Health records from RP patients at the Wilmer Eye Institute over the last 10 years were identified. Demographics, characteristics and visual acuity (VA) were recorded, and each modality was graded at baseline and every annual follow-up. SD-OCT was graded for the width of ellipsoid zone (EZ), FAF was graded for the diameter (RD) and area (RA) of the hyperautofluorescent ring (if present), and MP was graded for mean (MS), central (CS) and paracentral sensitivity (PS). Spearman’s rank correlation coefficient was used to measure correlation between parameters at baseline. Mixed effects models were used to estimate the progression of each parameter, adjusted for disease duration.

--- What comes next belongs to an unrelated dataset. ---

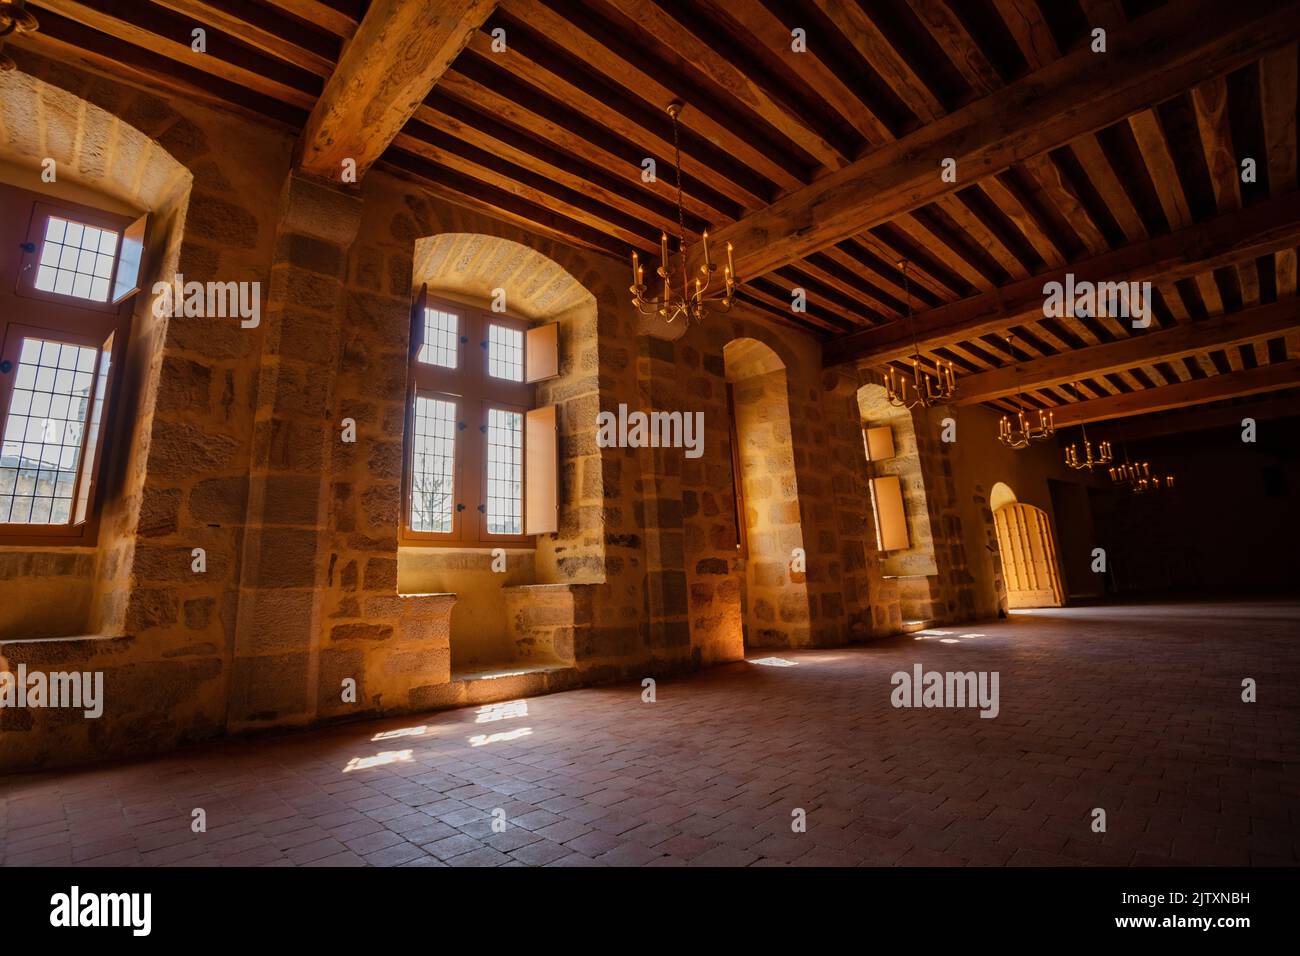 Old castle building interior with stone walls and wooden ceiling Stock Photo

A total of 205 eyes from 106 patients (mean ± SD age: 50 ± 19 years; males: 51%) were included the study, 68% of whom had been diagnosed within 10 years prior to baseline. SD-OCT was available for 205 eyes with a median (range) follow-up of 2 (1-5) years, FAF for 172 eyes with a follow-up of 2 (1-5) years, and MP for 66 eyes with a follow-up of 1 (1-4) years. A hyperautofluorescent ring was present in 67% of eyes. VA was only correlated with functional measures (MS and CS; r= 0.372 and 0.394 respectively; p= 0.01 for both). However, except for PS, all test parameters were strongly correlated with each other (r: 0.673 - 0.991; p<0.001 for all). The annual rates of change for each parameter were as follows: VA, -2.3 letters (p<0.001); EZ, -151um (p<0.001); RD, -132um (p<0.001); RA, -0.4mm2 (p<0.001); MS, -0.3 dB (p<0.001); CS, -0.7 dB (p<0.001); PS, -0.4 dB (p<0.001). Only anatomic measures (EZ, RD and RA) had a rate of change that exceeded known limits of test-retest variability.
Structural and functional measures are well correlated in RP and combining them can provide a high degree of sensitivity and reliability in measuring disease progression within the course of a year. Therefore, SD-OCT, FAF, and MP may provide useful and reproducible outcome measures for future clinical trials to detect progression of RP.
This is an abstract that was submitted for the 2018 ARVO Annual Meeting, held in Honolulu, Hawaii, April 29 - May 3, 2018.